=== WHAT YOU NEED TO DO ===
Everything in the listing that follows should be reproduced exactly except the pictures.
[Opening DATASET CONTENT section]
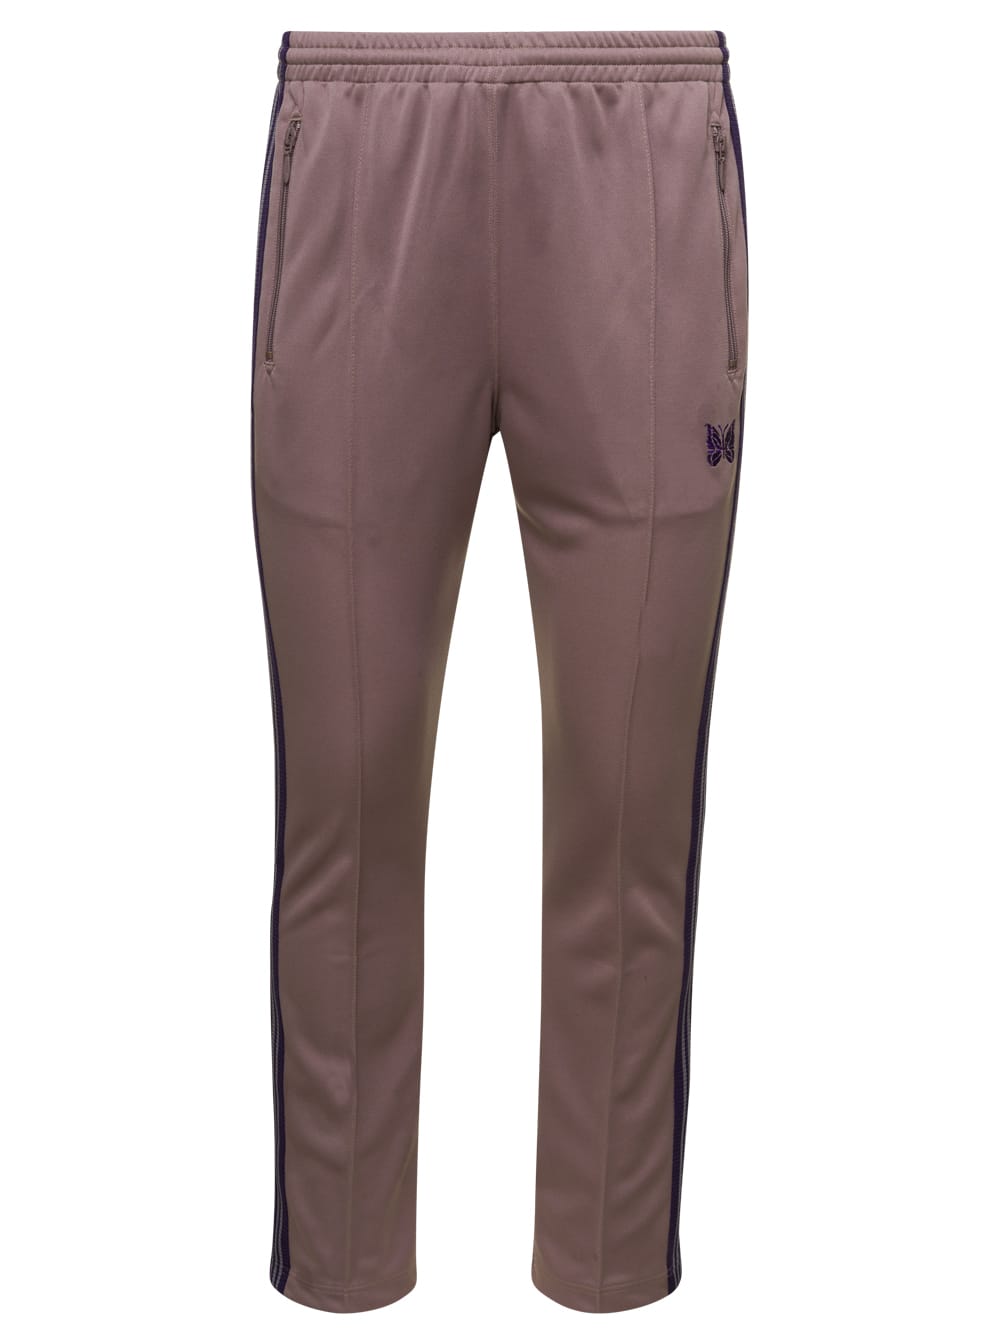 Needles Taupe Track Pants With Side Stripes Detailing Man Needles
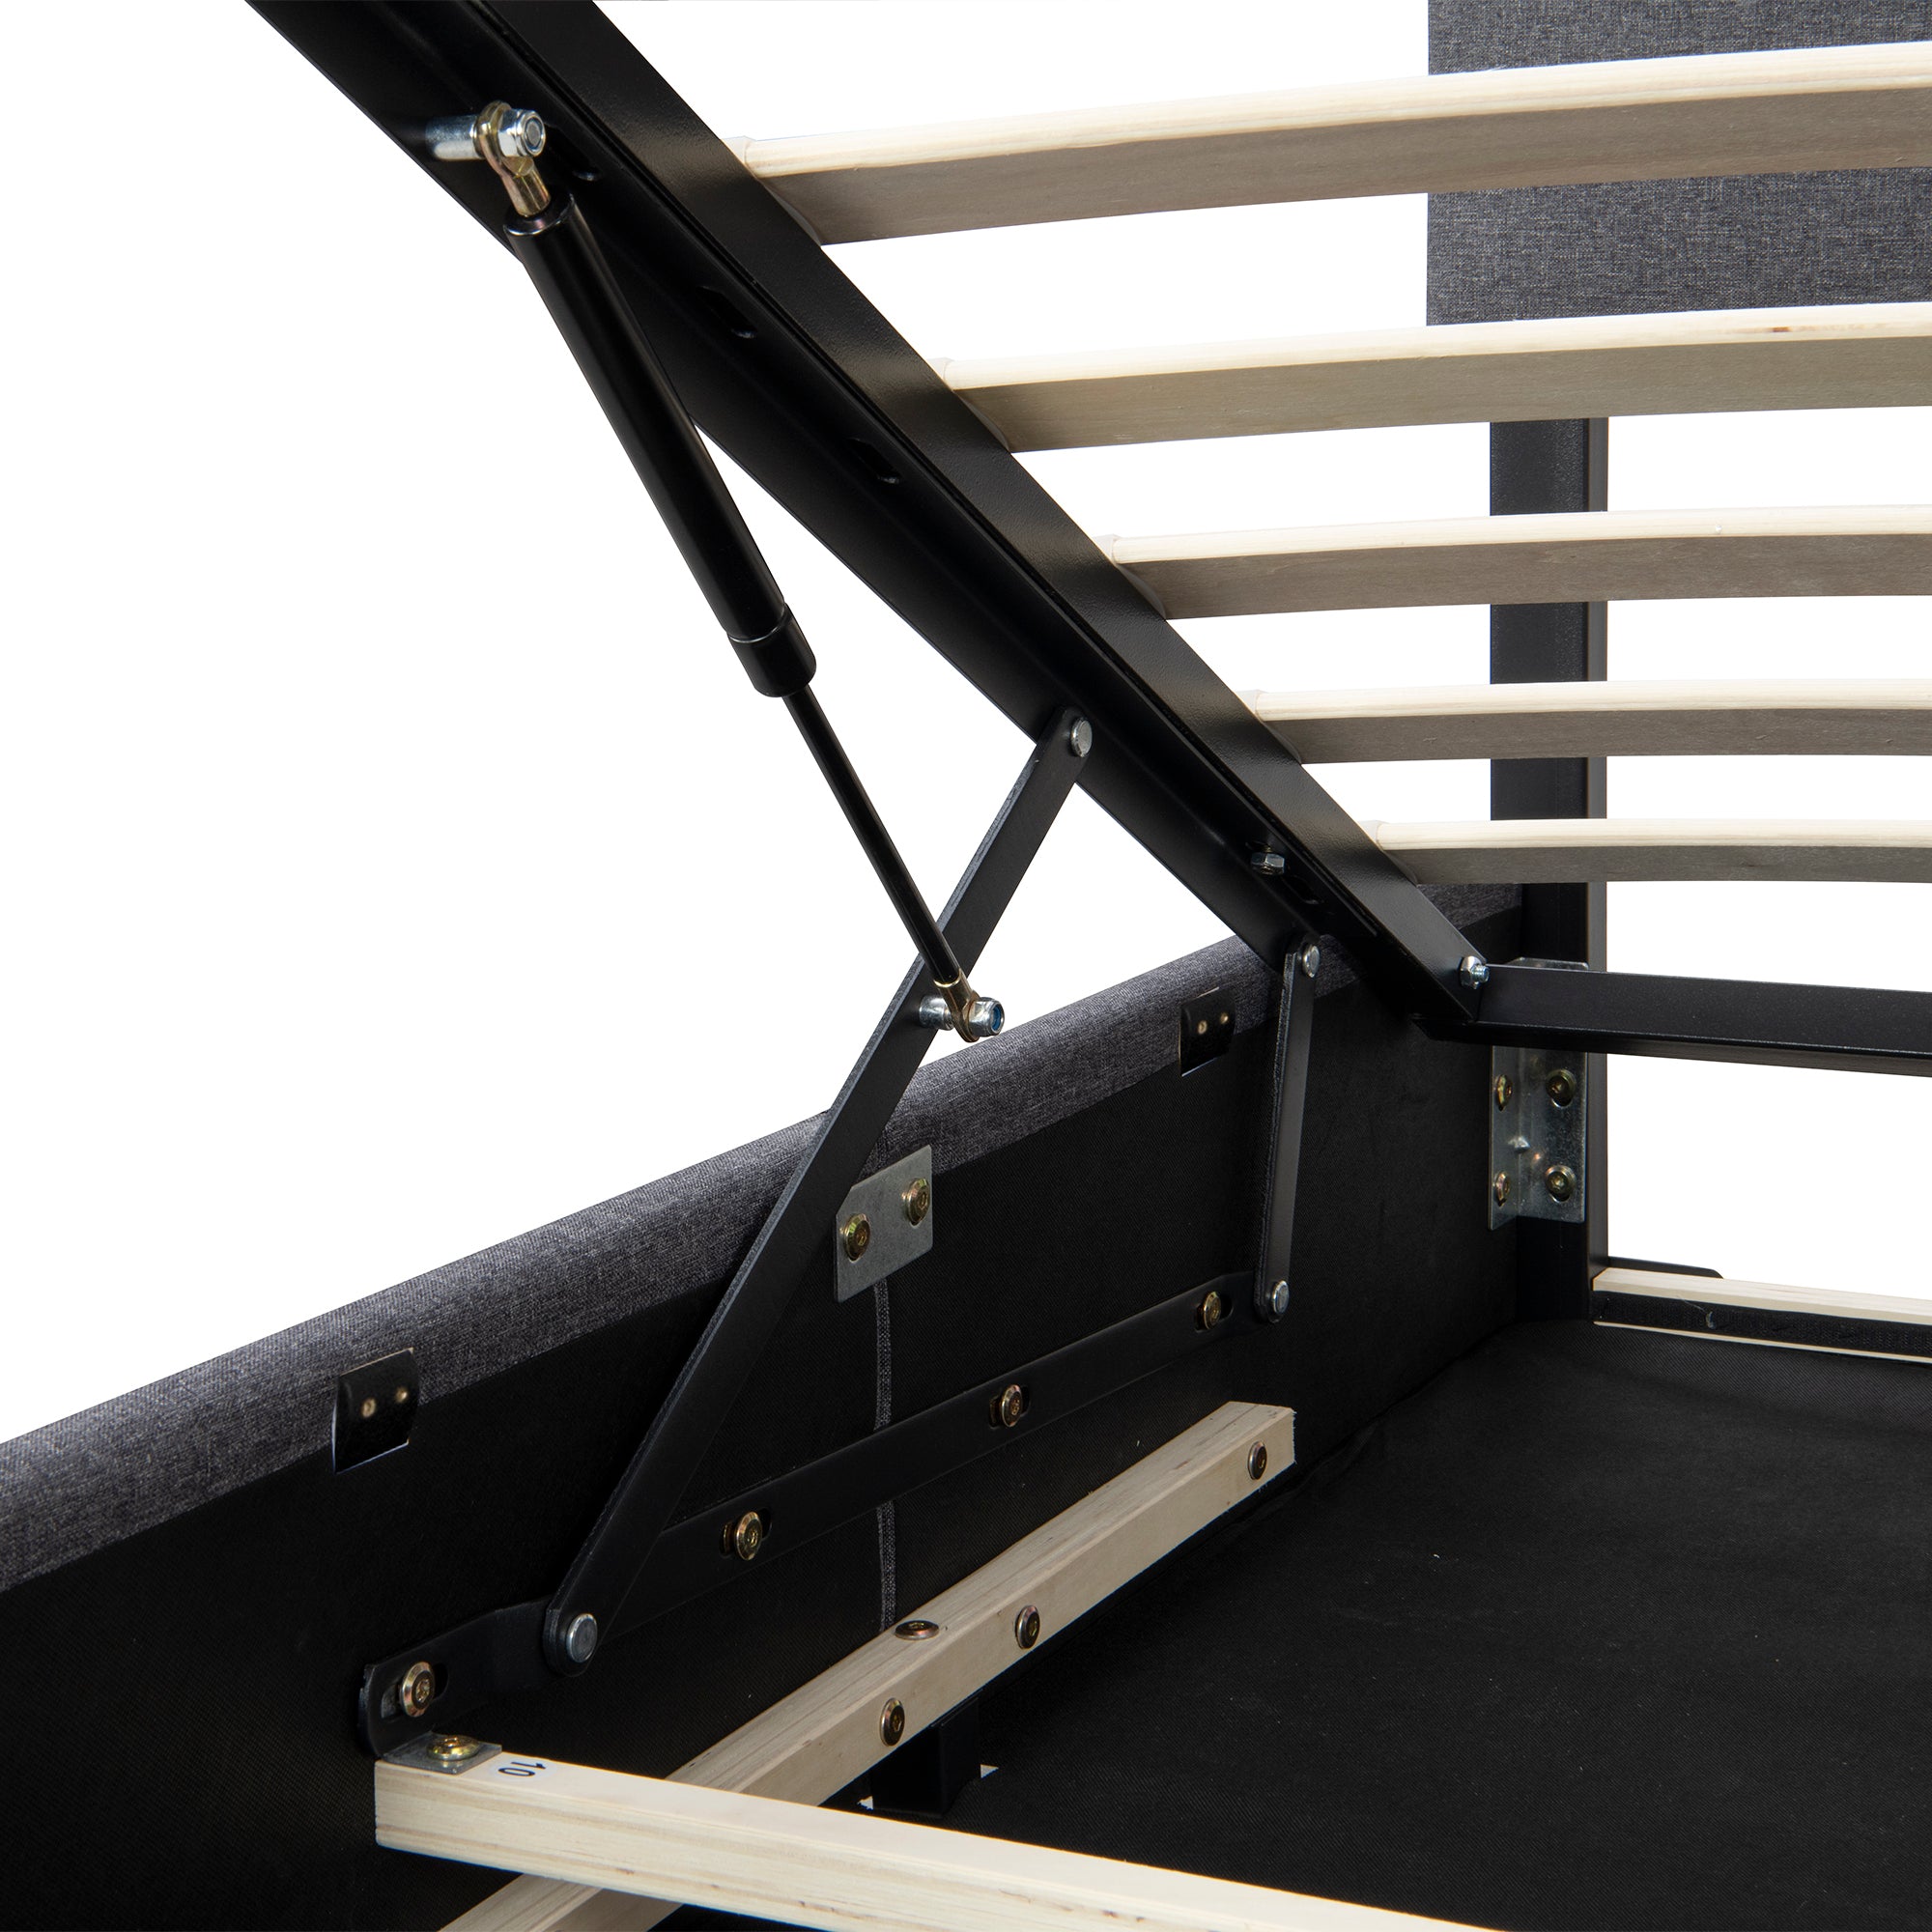 Full Upholstered Platform Bed with Lifting Storage
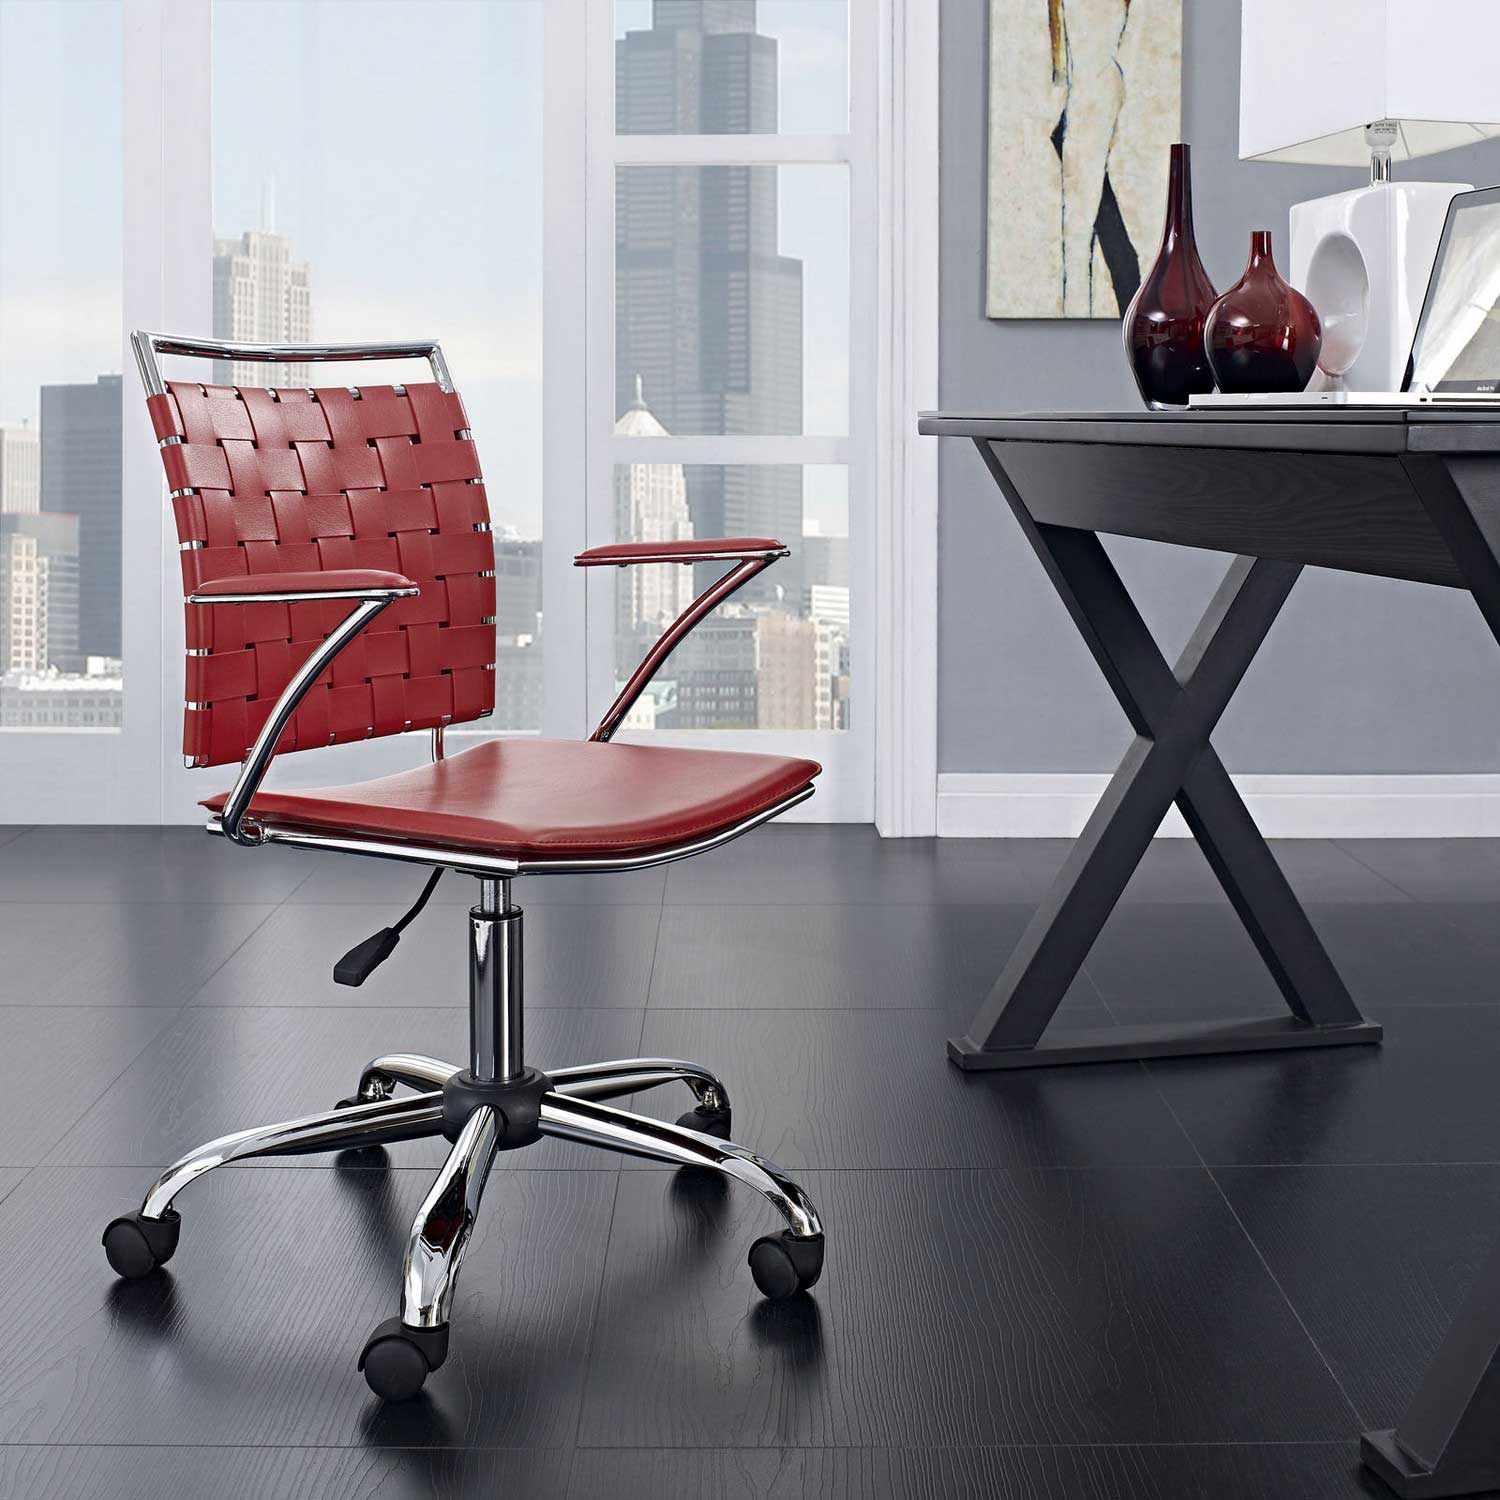 Modway Fuse Office Chair - Red
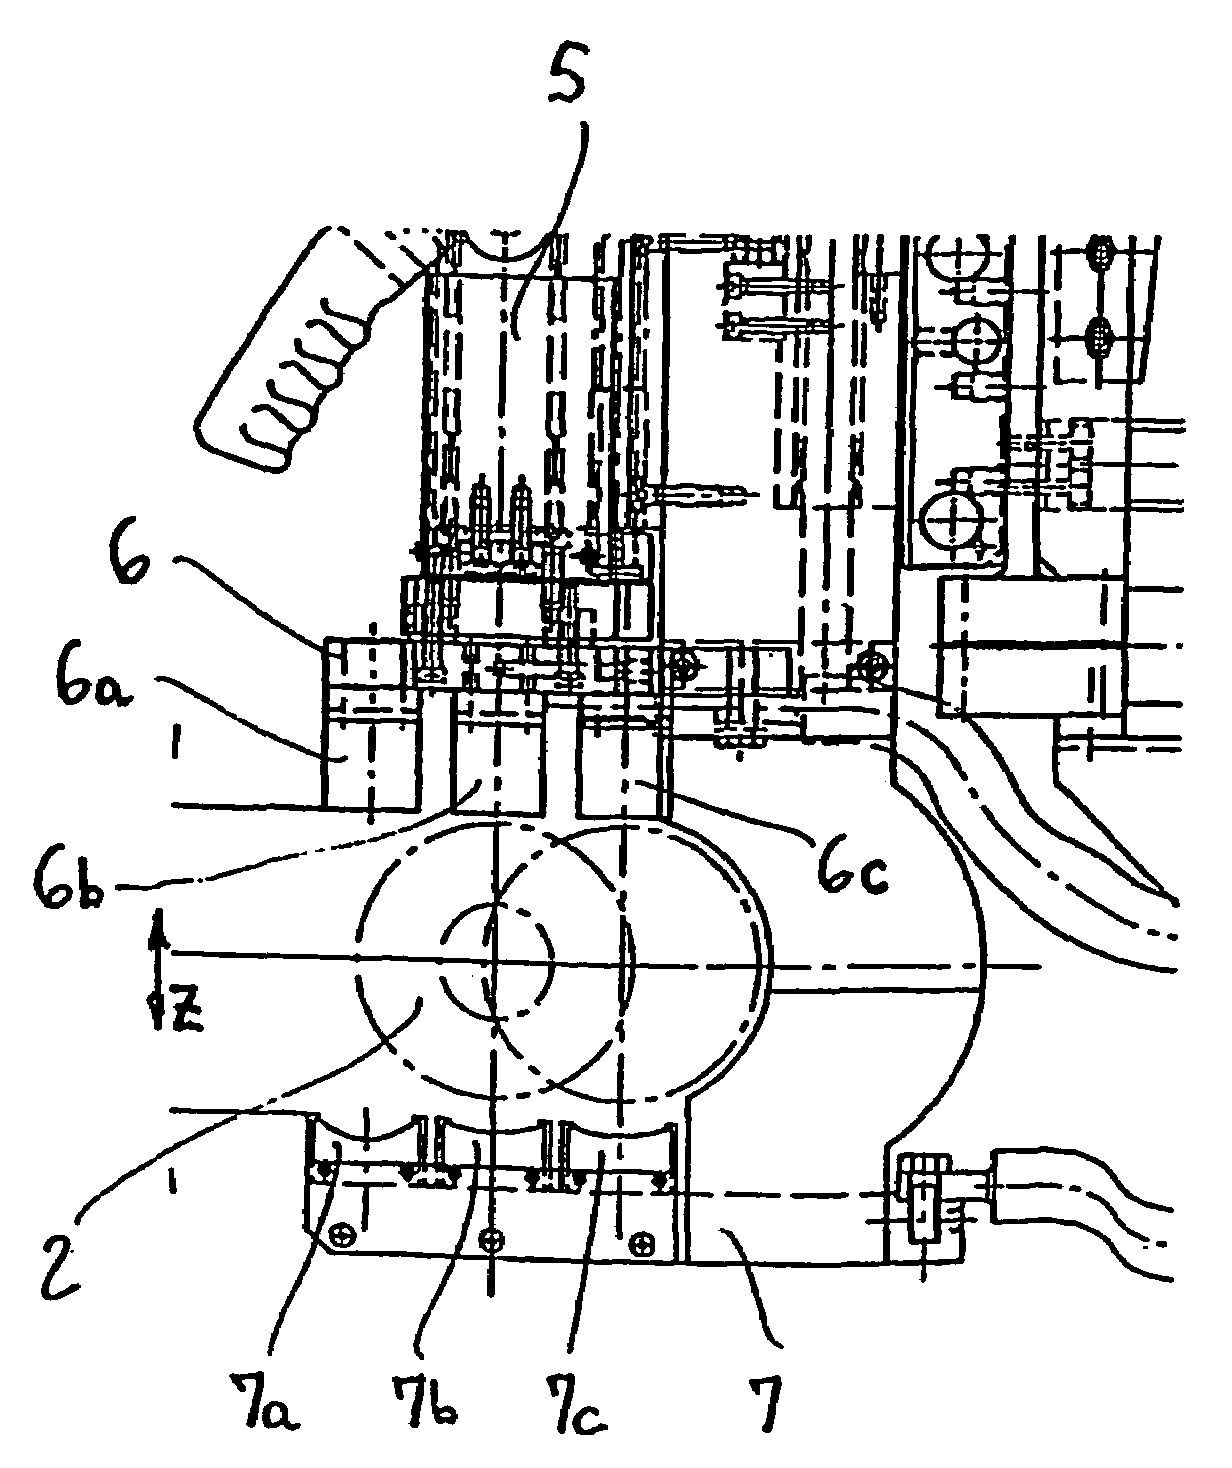 Device and method for fastening balancing weights to rotors, in particular to propeller shafts or cardan shafts
[Closing DATASET CONTENT section]
=== EXERCISE OUTPUT ===
 Needles Taupe Track Pants With Side Stripes Detailing Man Needles
 Full Upholstered Platform Bed with Lifting Storage
 Modway Fuse Office Chair - Red
 Device and method for fastening balancing weights to rotors, in particular to propeller shafts or cardan shafts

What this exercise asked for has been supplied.